Kinderdorfmutter Gertrud Clausen möchte ihre Zeit im Dorf oberhalb von Dornbirn nicht missen.
Dornbirn. (ha) Fast drei Jahrzehnte war Gertrud Clausen im SOS-Kinderdorf in Dornbirn als Kinderdorfmutter im Einsatz. Und sie kann vieles erzählen. Von schönen und von anstrengenden Zeiten. Auch wenn sie schon vor zwölf Jahren in Pension gegangen ist, tut es ihr leid, dass es das Dorf am Knieberg, das lange Jahre für sie auch Heimat war, bald nicht mehr gibt. Gertrud Clausen erinnert sich noch gut an jenen Tag, als auf einen Schlag sechs Kinder aus Oberösterreich bei ihr einzogen: „Das Jüngste war gerade einmal 14 Monate alt. Alle waren kahl geschoren, keiner besaß eine Zahnbürste, regelmäßige Mahlzeiten kannten sie nicht.“ Sie alle stammten aus einer Familie, die mit der Erziehung komplett überfordert war. Und an die fremde Umgebung mussten sie sich erst gewöhnen. Das war nicht einfach, denn vor allem der älteste Bruder litt unter Heimweh. Was sich aber schnell änderte, als die Frage, ob er jetzt jeden Tag etwas zu essen bekomme, mit Ja beantwortet wurde. „Dann bleibe ich bei dir“, ließ der Bursche seine neue Mutter wissen, die nun wusste, dass sich die Geschwister im neuen Zuhause bald wohlfühlen würden.
Höhen und Tiefen
Das Gefühl täuschte sie nicht: „Der Jüngste blieb, von Unterbrechungen abgesehen, bis er 20 Jahre alt war in meiner Familie.“ Insgesamt saßen im Laufe ihrer 28-jährigen Zeit im SOS-Kinderdorf 17 Mädchen und Buben an ihrem Küchentisch, die ihre gesamte Kindheit und auch einen Teil ihrer Jugend im Dorf verbrachten. Wie in jeder Familie gab es Höhen und Tiefen.

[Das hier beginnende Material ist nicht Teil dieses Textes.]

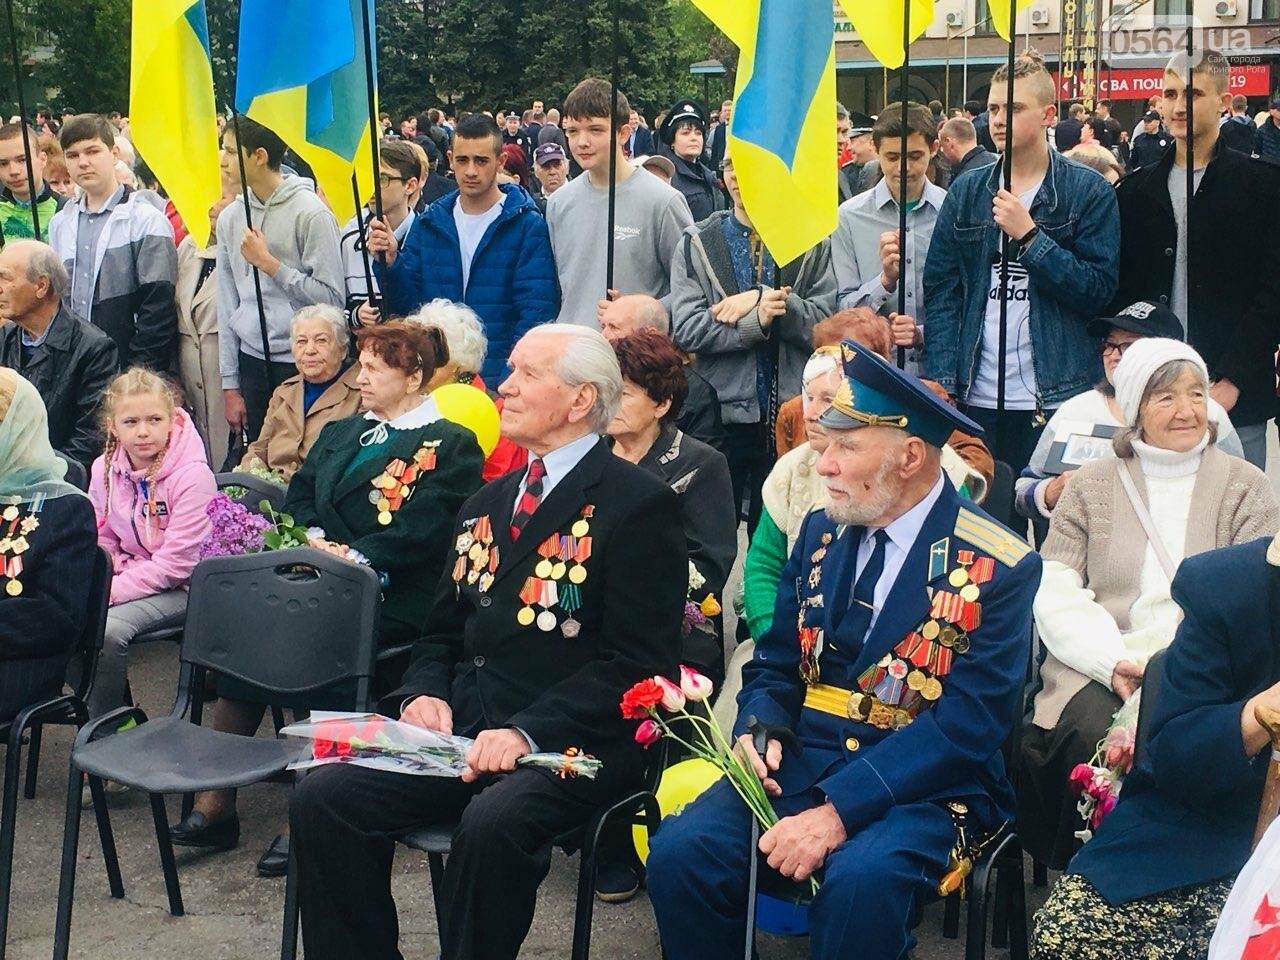 """9 мая в Кривом Роге: """"Марш мира"""" в Покровском районе стал самым массовым мероприятием, - ФОТО, фото-16"""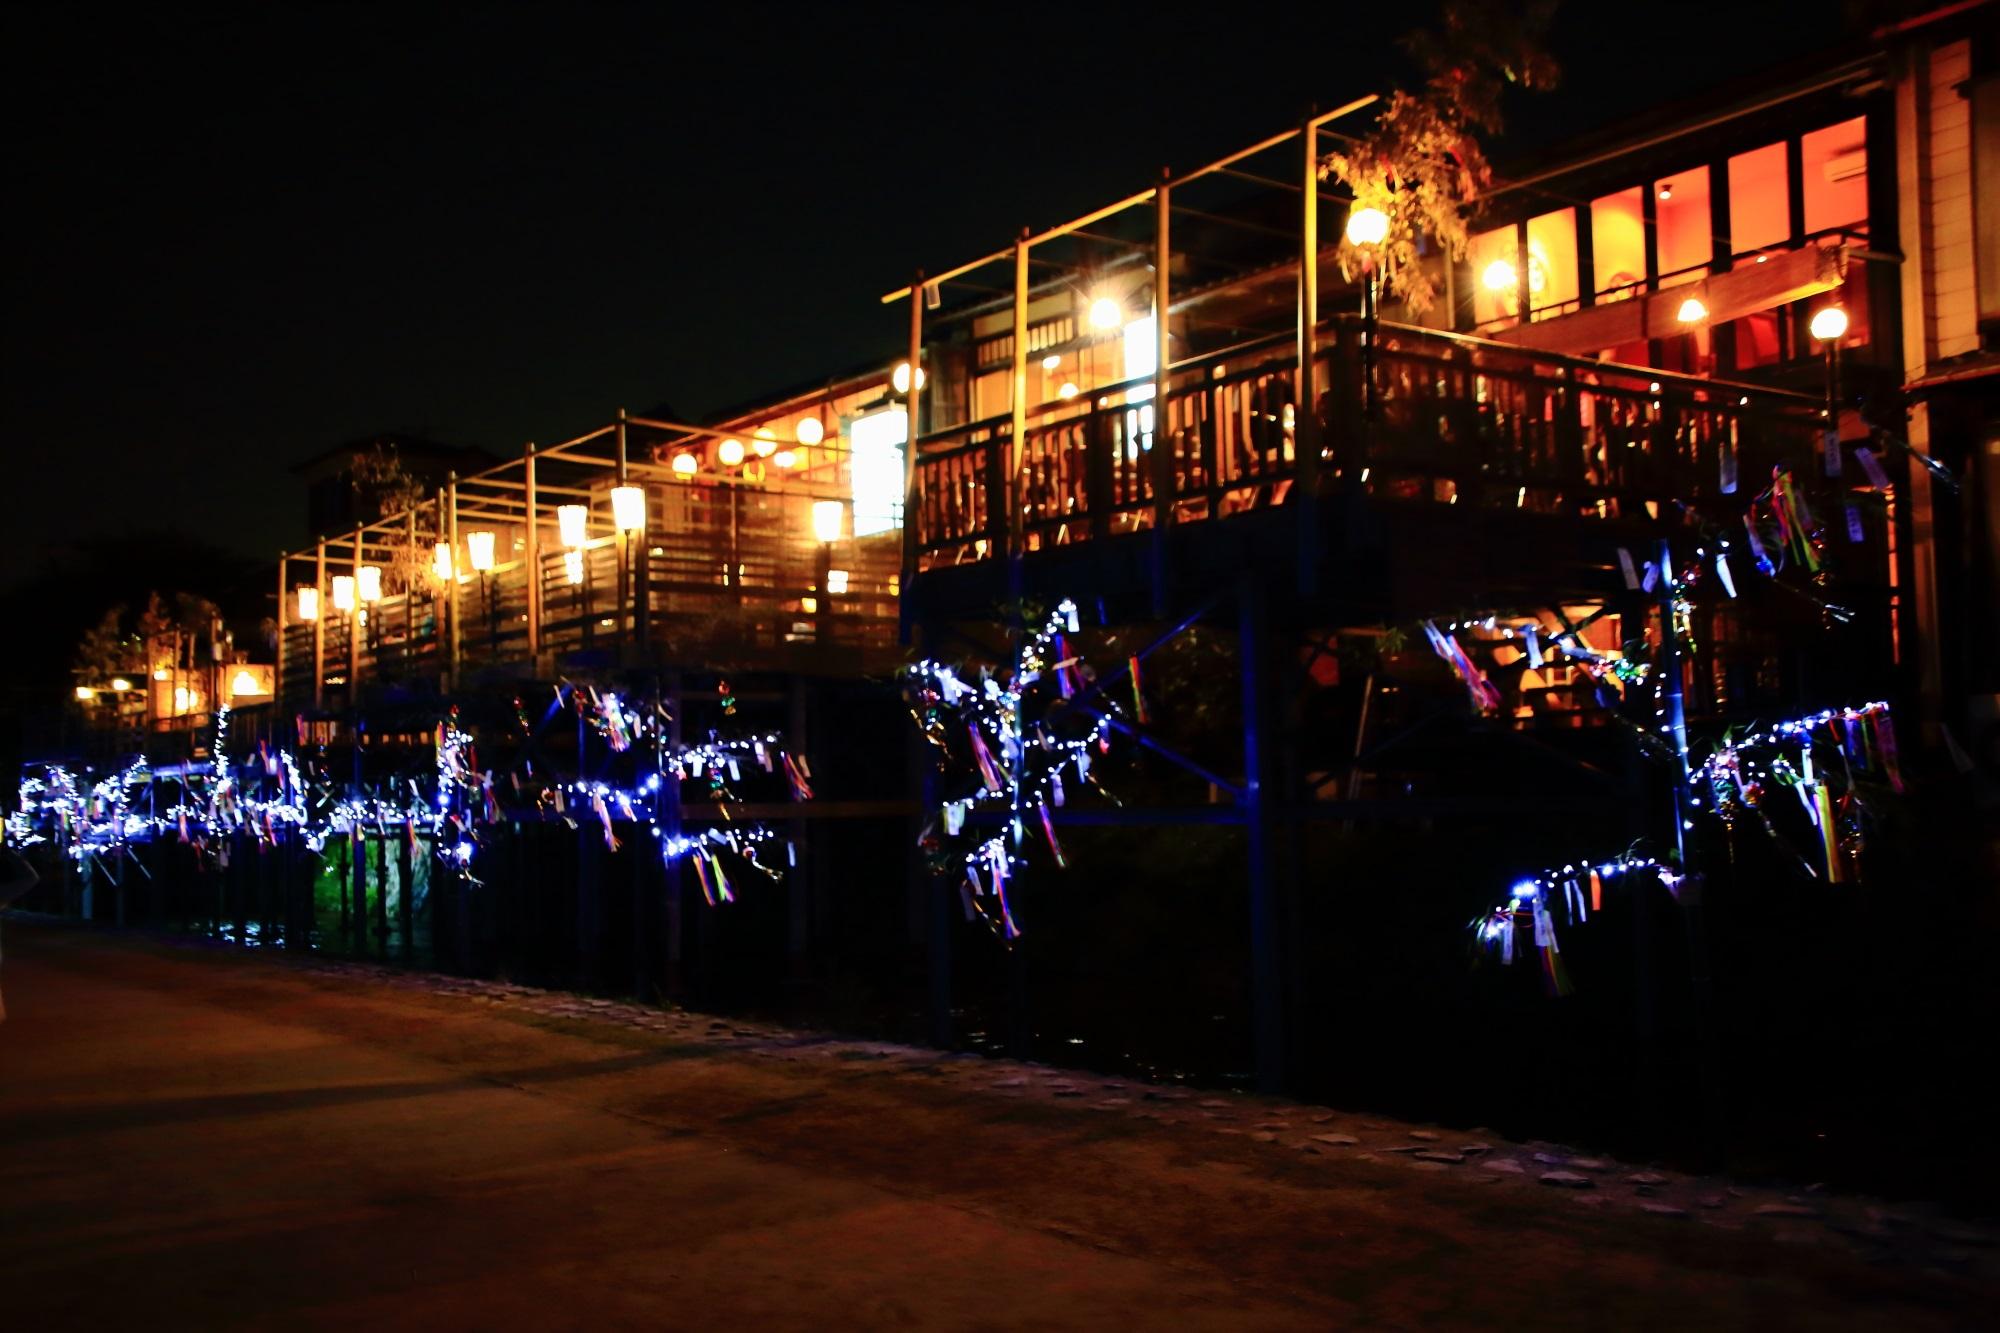 京の七夕鴨川会場の鴨川納涼床の大笹飾り

Die Zeiten, als sich die Pubertät bemerkbar machte, vergisst Gertrud Clausen ebenso wenig wie die Familienfeste, als alle beisammen saßen und Weihnachten oder Geburtstage feierten. „Damit sich die Kinder aller Familien wohlfühlten, wurde ihnen im Dorf vieles geboten, angefangen von schönen Ausflügen über Veranstaltungen bis zu Ferienaufenthalten in Italien.“ Und wenn sich ein Kind einmal ein neues Kleidungsstück wünschte, dann konnte man sich an die dorfeigene Näherin wenden.
Dass sie manchmal an ihre Grenzen stieß, verschweigt die 67-Jährige nicht: „Wenn es besonders schwierig wurde, bekamen wir professionelle Hilfe von außen.“ Auch der Umgang mit den leiblichen Eltern war nicht immer einfach und erforderte viel Fingerspitzengefühl. Selbstredend, dass Clausen auch für ihre Schützlinge da war, wenn es Probleme in der Schule gab. „Es gab eine Zeit, als sieben Kinder aus meiner Familie fünf verschiedene Schulen besuchten. Man kann sich vorstellen, wie viel Elternabende und Elternsprechtage ich besuchen musste.“
Kontakte blieben
Ihre „Kinder“ sind inzwischen 40 und mehr Jahre alt. Und viele von ihnen pflegen nach wie vor Kontakt zu ihrer Kinderdorfmutter. Vor allem die Mädchen holen sich Rat bei ihr, wenn sie Sorgen haben. „Fast alle ,Ehemaligen‘ haben an ihre Zeit im Kinderdorf auch nach Jahren gute Erinnerungen“, glaubt Gertrud Clausen, dass sie ihre Arbeit gut gemacht hat.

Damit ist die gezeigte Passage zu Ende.